A page based on a master is radically different from any other ASP.NET page. It looks like a collection of blocks that the ASP.NET runtime will use to fill the holes in the master. As in Listing 1, the master page contains one or more <asp:contentplaceholder> tags for which derived pages (named content pages) will provide content for. Listing 2 shows a sample content page.

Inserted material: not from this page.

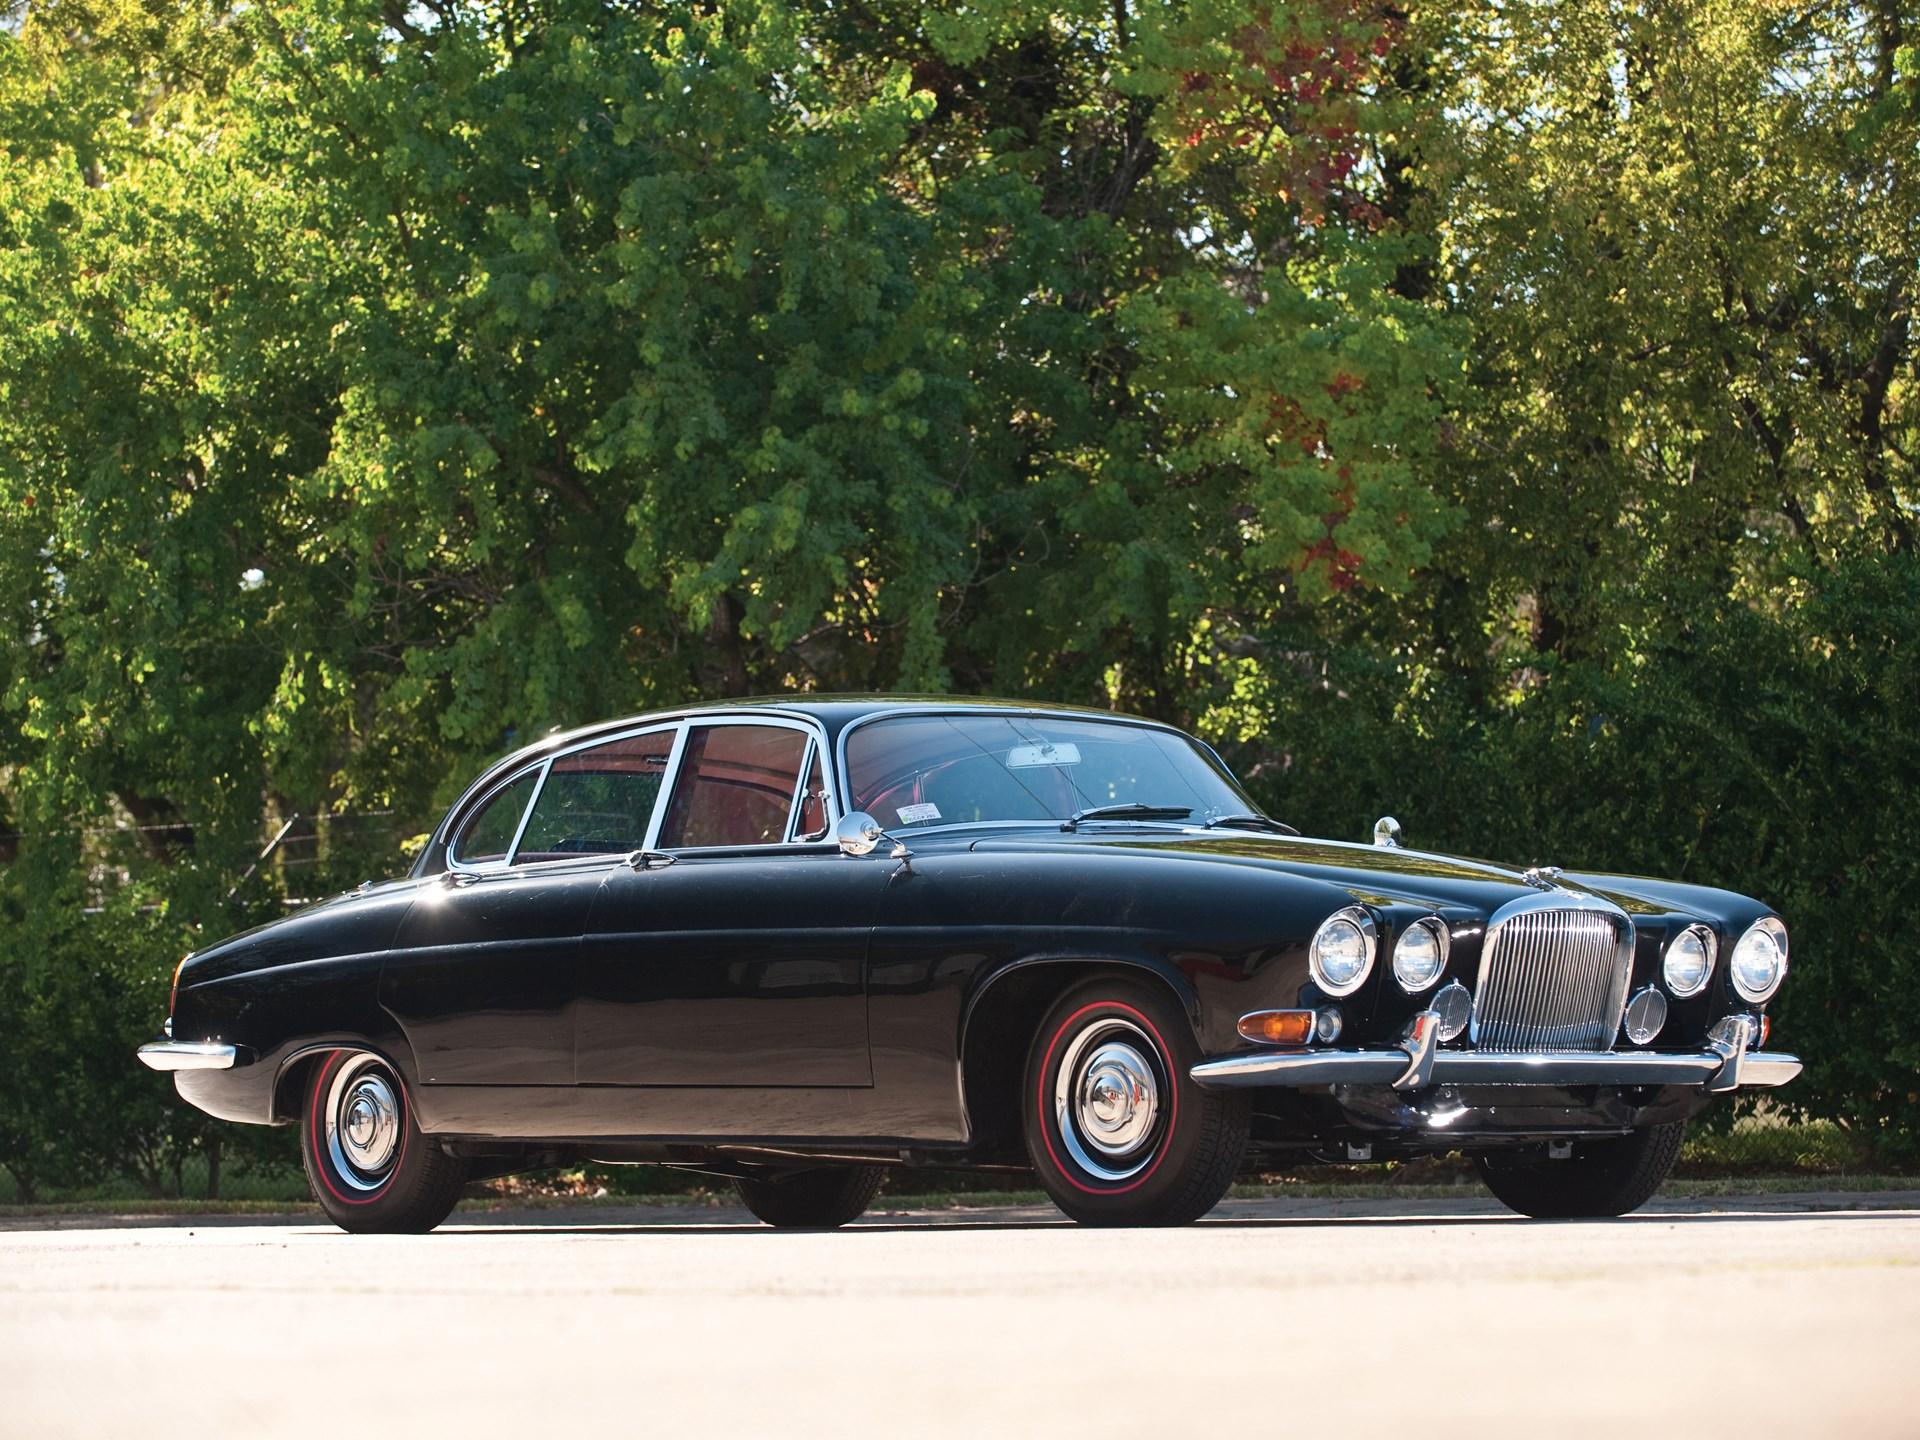 1964 Jaguar Mark X Sedan front 3/4

A content page contains <asp:content> tags each matching one of the placeholders in the master. The contents of the <asp:content> tag is used to replace the master's placeholder when assembling the final markup for the user. This is the essence of master pages in ASP.NET 2.0. Visual Studio .NET 2005 also does a good job of providing page authors with a preview of the final page merging master and content pages. Some considerations apply to master pages.

True visual inheritance à la Windows Forms is not a goal of ASP.NET 2.0 master pages. The contents of a master page are merged into the content page, and they dynamically produce a new page class that is served to the user upon request. The merge process takes place at compile time and only once. In no way do the contents of the master serve as a base class for the content page. There's no way for the page code file to incorporate functions defined on the master. Likewise, trace and debug options, imported namespaces, languages, and whatever settings you set in the @Master directive are not copied at the page level.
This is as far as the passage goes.